*Exercise aim*. Everything in the data gets repeated exactly, except for the pictures.

*Data shown*.
.....
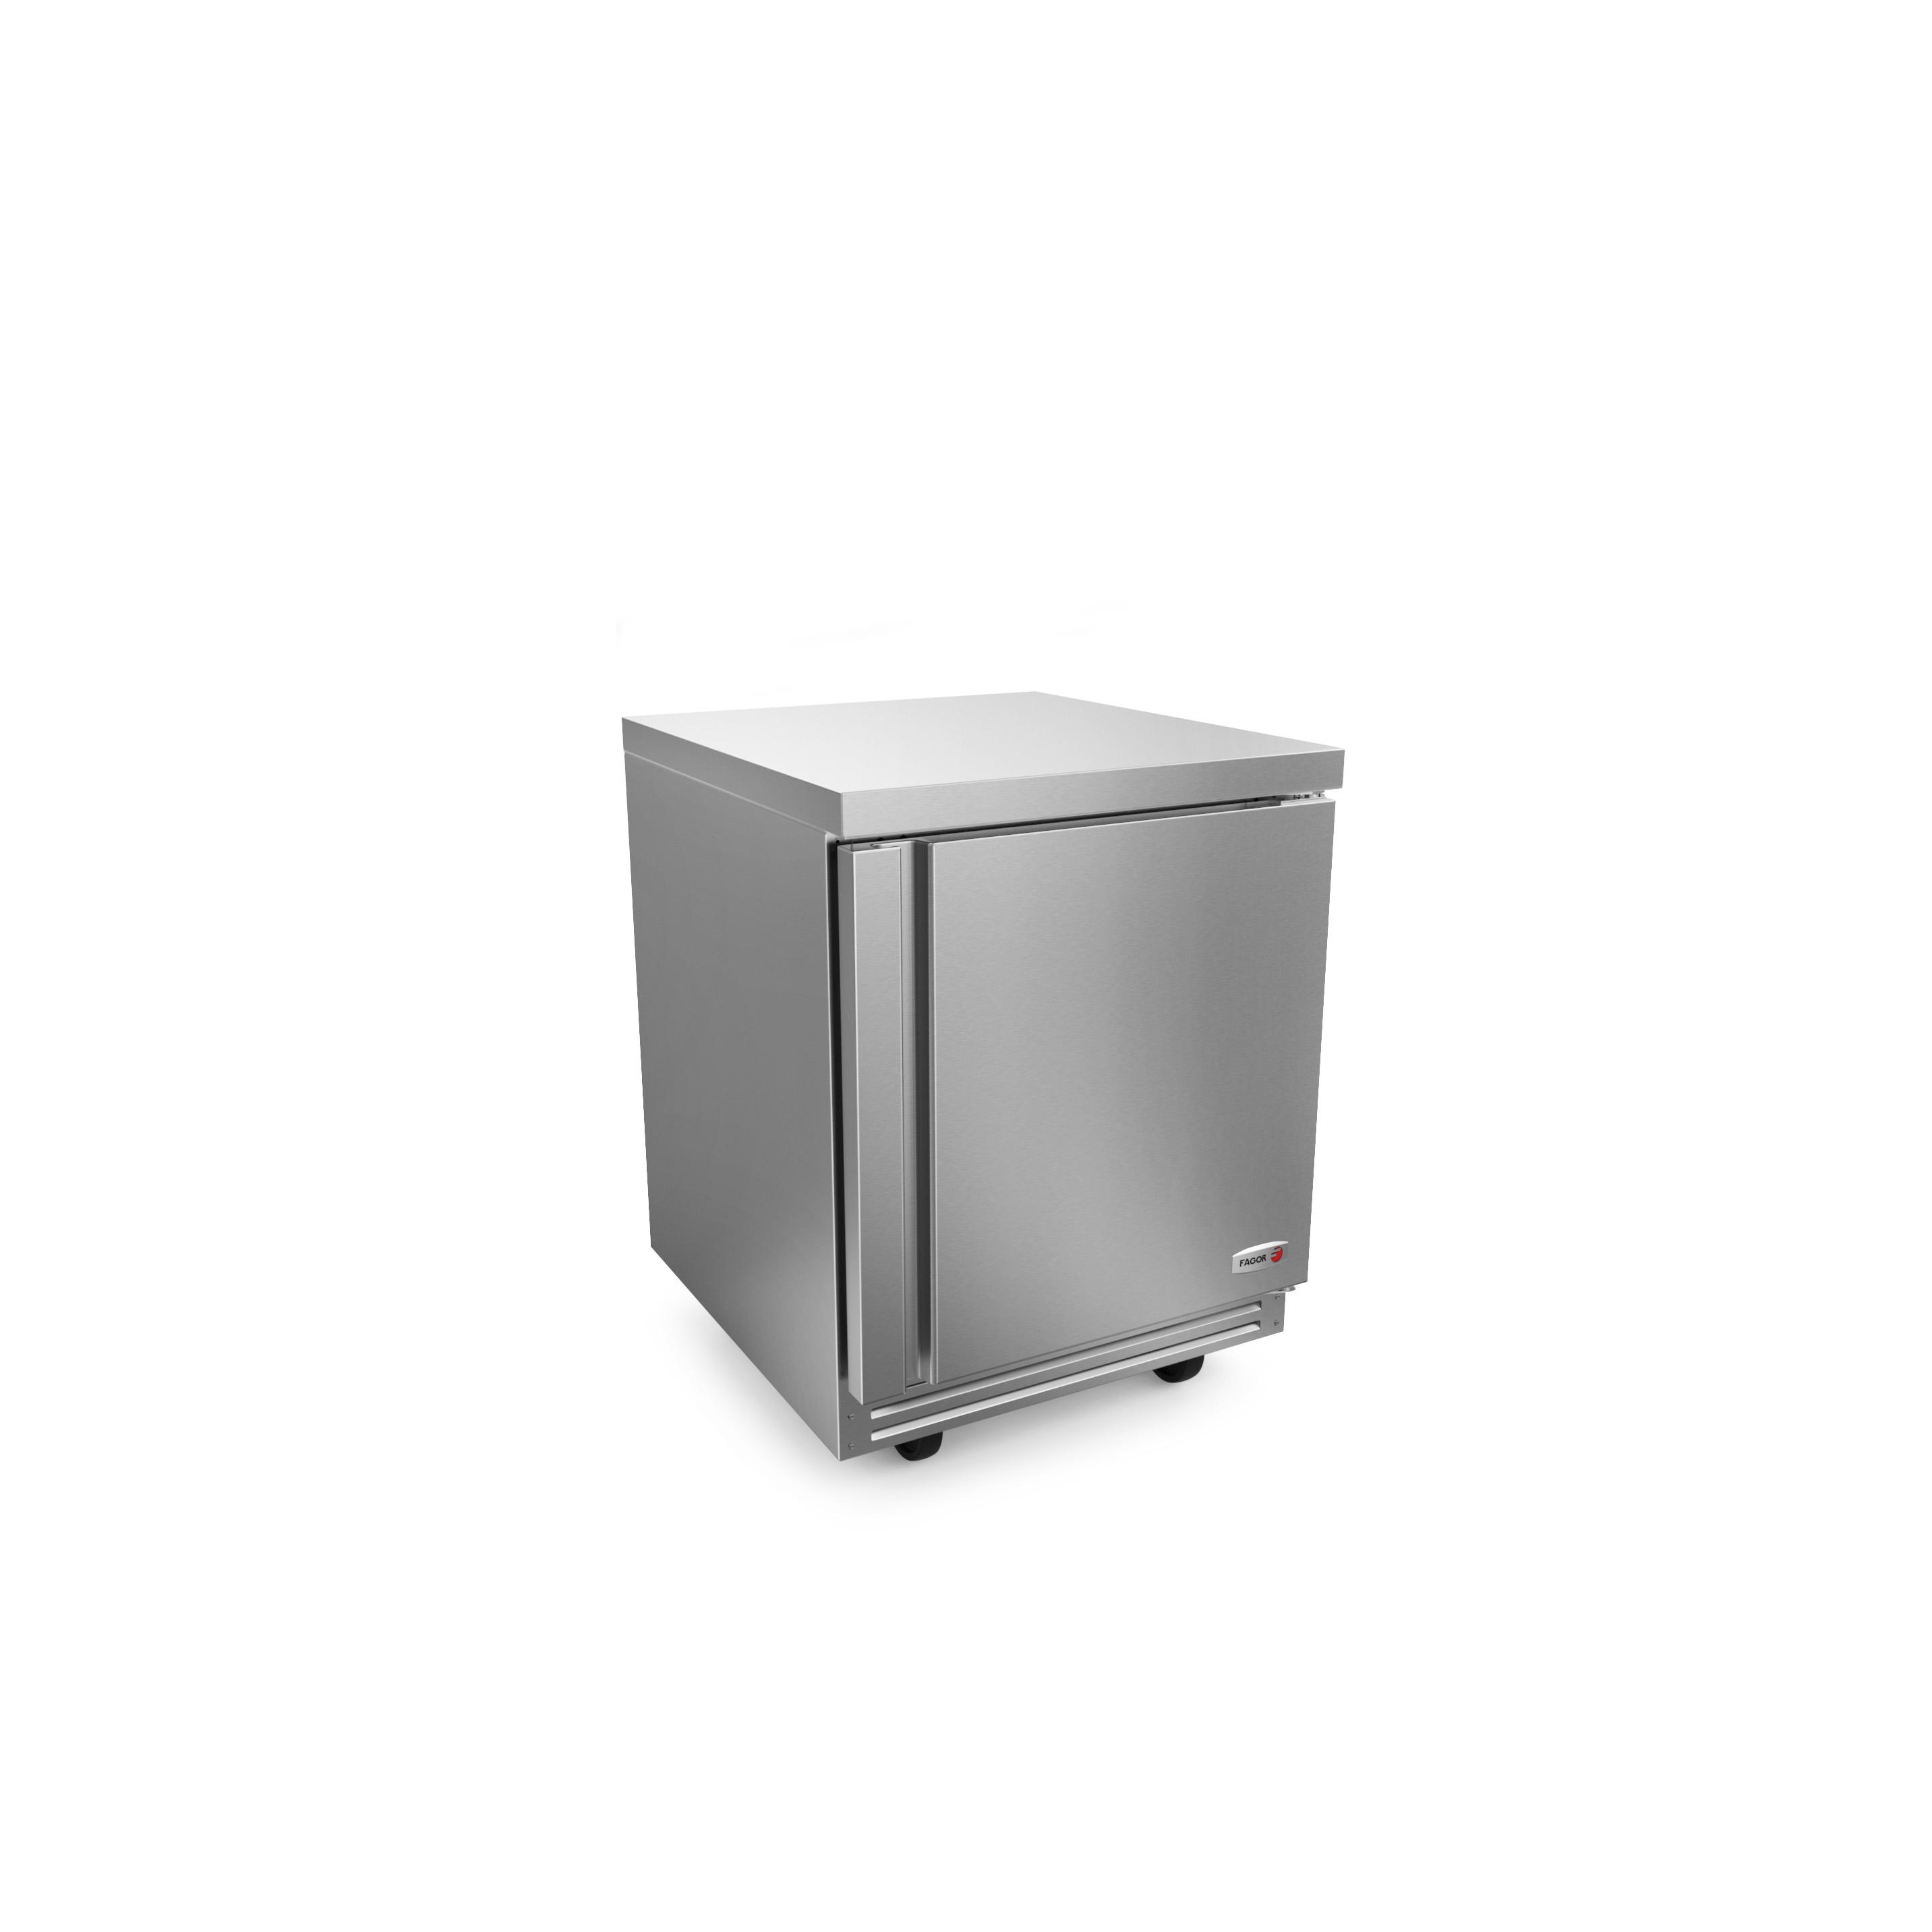 FUR-27-N Fagor Refrigeration refrigerator, undercounter, reach-in
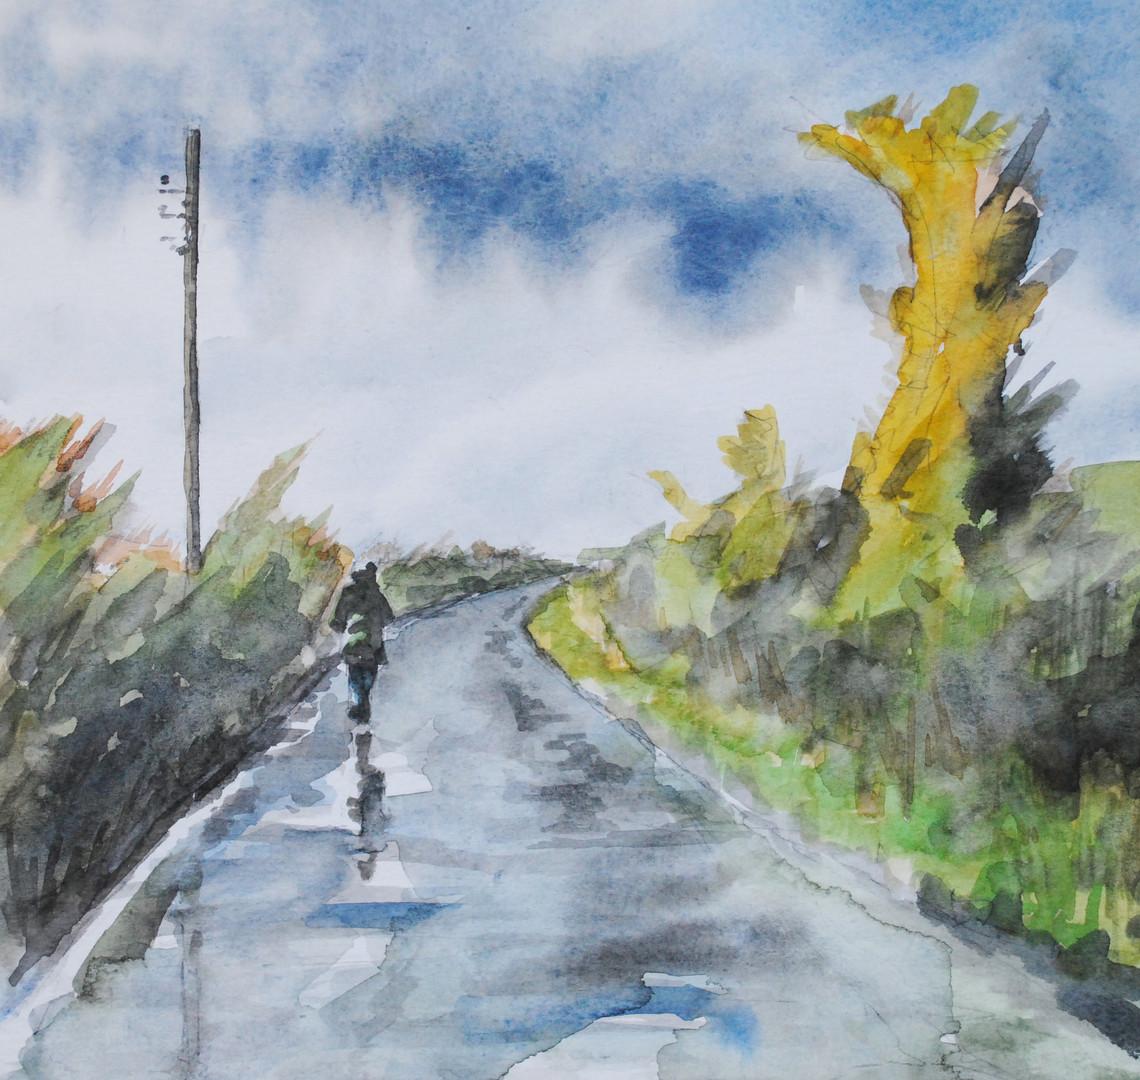 Walks with Brigitte - in rain
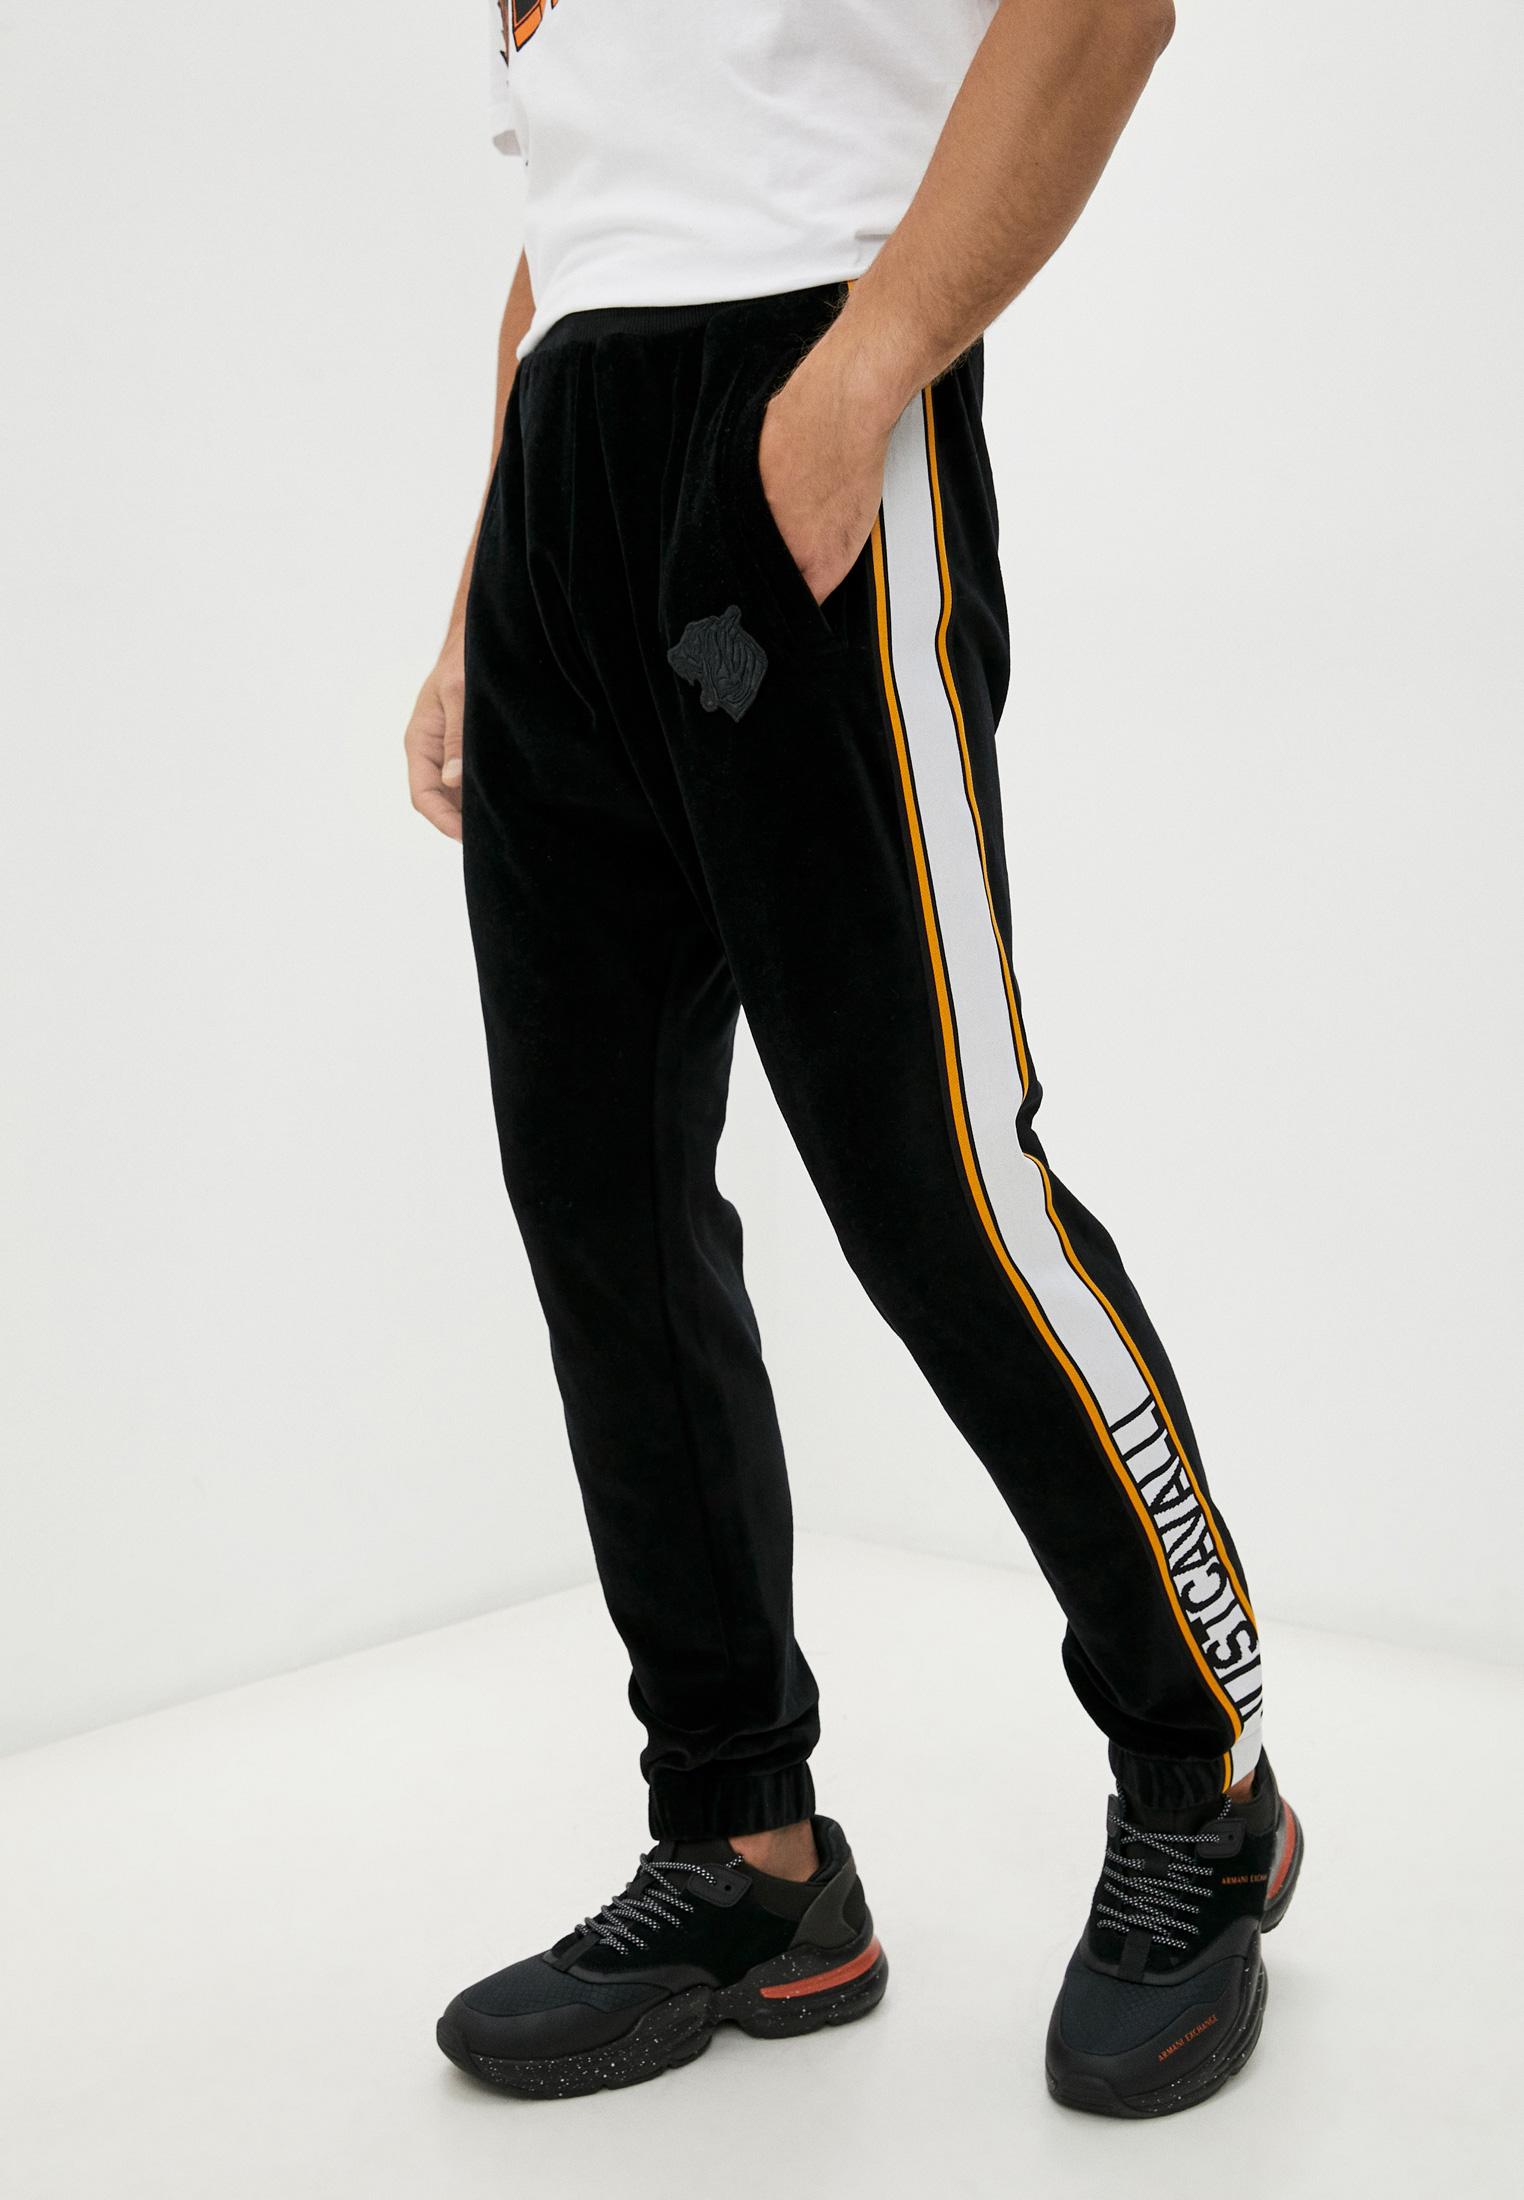 Мужские спортивные брюки Just Cavalli (Джаст Кавалли) S03KA0259N21589
.....
*Problem solution*.
 FUR-27-N Fagor Refrigeration refrigerator, undercounter, reach-in
 Walks with Brigitte - in rain
 Мужские спортивные брюки Just Cavalli (Джаст Кавалли) S03KA0259N21589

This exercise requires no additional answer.